The law in this area has attracted some criticism. The Australian Law Reform Commission has commented that:
some organisations that are recognised as credit providers for the purposes of the credit reporting provisions of the Privacy Act, are not required to comply with the Consumer Credit Code [the NCCP], which applies to ‘credit providers’ defined more narrowly... The [then] Banking and Financial Services Ombudsman…[has] submitted that access should not be allowed unless the credit that has been provided is regulated credit, as defined in the Consumer Credit Code (the NCCP). In response, utilities companies emphasised their need for credit reporting information.[86]
[86] Australian Law Reform Commission (2010), For Your Information: Australian Privacy Law And Practice (ALRC Report 108), [54.108, 54.115-116]
While there may be policy issues for governments to consider, currently the Tribunal finds that the law is that the respondent is not subject to the NCCP but is subject to the Privacy Act and the Privacy Code.
Are there any other grounds for requiring the respondent to withdraw the default?
The applicant contended that the default was wrongly listed due to errors in her date of birth and in the phone number associated with her by the respondent. However, it is clear to the Tribunal that the applicant herself is responsible for the wrong date of birth being referenced at times (until she corrected it). This error occurred due to the wrong date of birth being provided in the applicant’s original application to the respondent,[87] and she provided the incorrect date of birth in one of her phone calls to the respondent.[88] There was a phone number provided in her original application for “Sam”, and this number was used at times by the respondent to try to contact the applicant and have the debt settled. The Tribunal regards this as appropriate. Importantly, the Tribunal finds that it is clear there is no identity error in this case and that the default has been listed against the correct person who is liable for the debt. The applicant’s submissions in this regard are dismissed.
[87] Respondent’s submissions attachment A E177
[88] Respondent’s submissions attachment E E135 voice recording to arrange a payment plan dated 19 January 2016
The applicant contended that the default should not have been listed because the dispute was still current and unresolved.
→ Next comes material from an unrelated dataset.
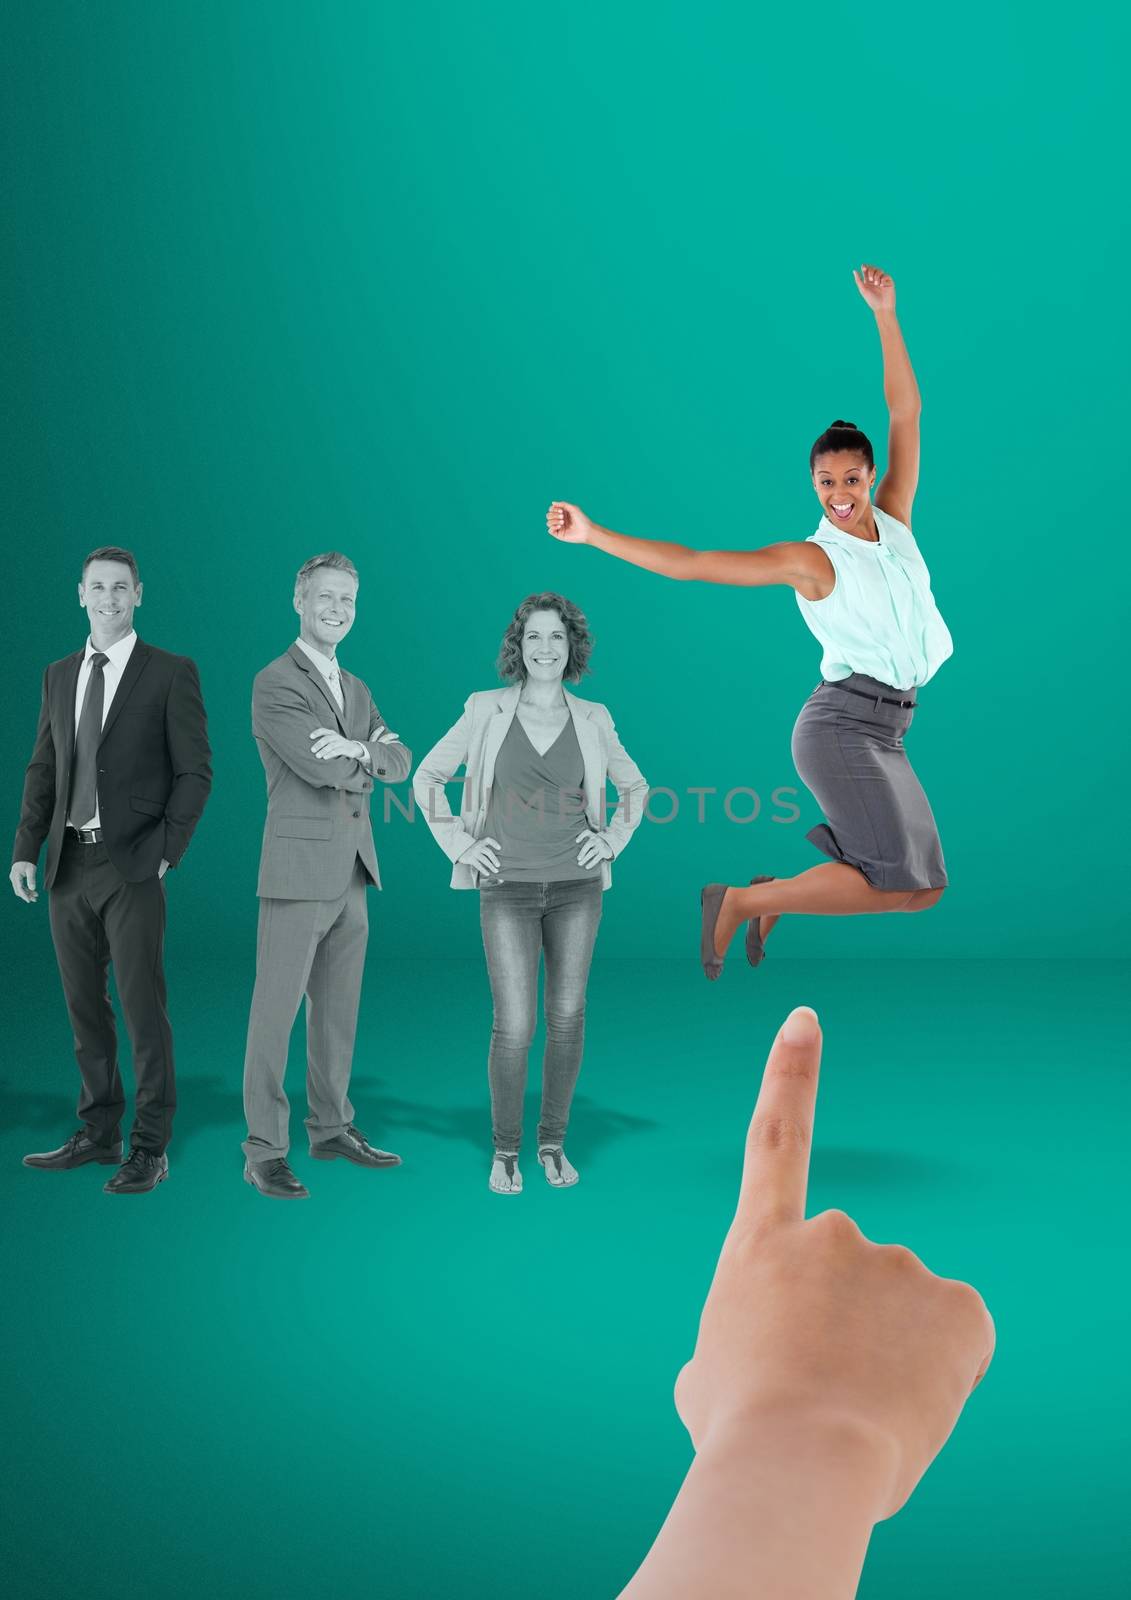 Digital composite of Hand choosing a business woman on a green background with business people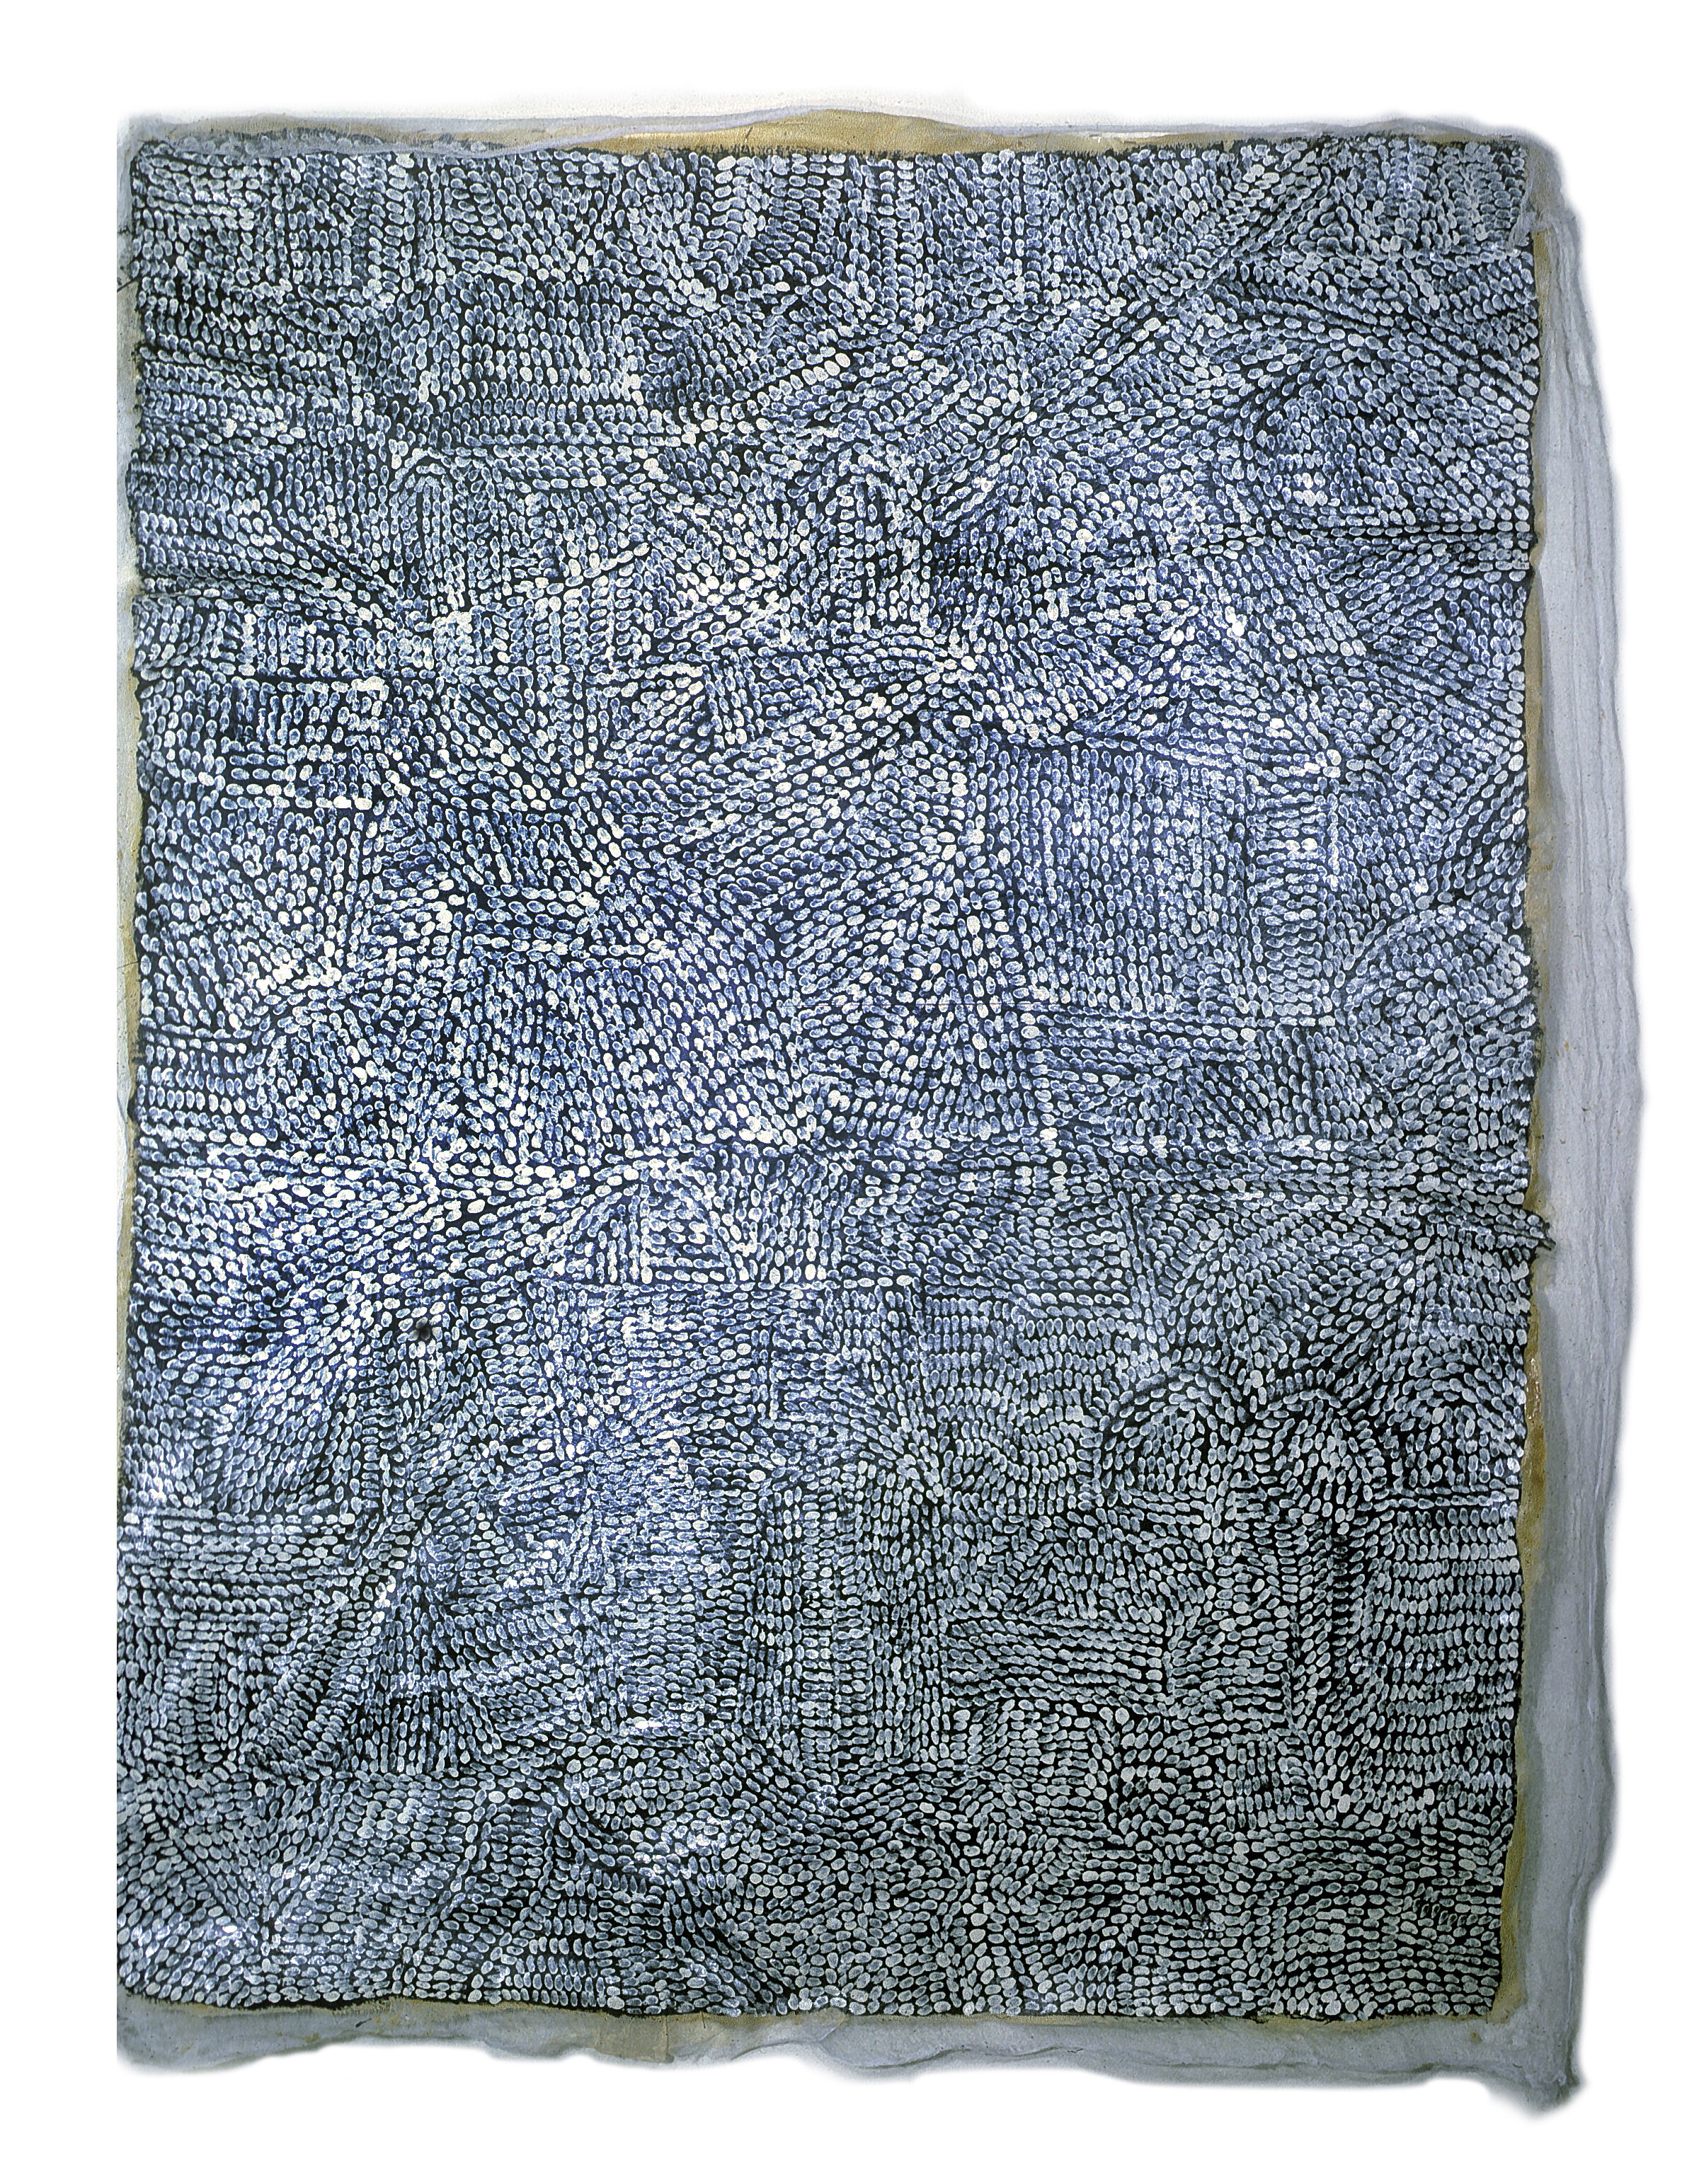   Untitled , 1971, neoprene rubber, white gacoflex, cheesecloth, 83 x 64 inches

The Tribunal finds that the applicant stopped responding to the IFS emails from January 2018 until the default was listed in September 2018, and that she did not send the rental records as requested or at least this was not received by the respondent. The applicant cannot unilaterally assert that a dispute is such that a default cannot be listed. If this were to be the case then any consumer by simply asserting there is a dispute and doing nothing else can stop a default being listed, which would be an abuse of consumer protections. A consumer must demonstrate behaviour that is consistent with a dispute being current. The applicant in this case did not demonstrate that behaviour. She was uncooperative and non-responsive from February 2018 until after the default was listed, and the respondent was entitled to proceed to issue the notices and list the default.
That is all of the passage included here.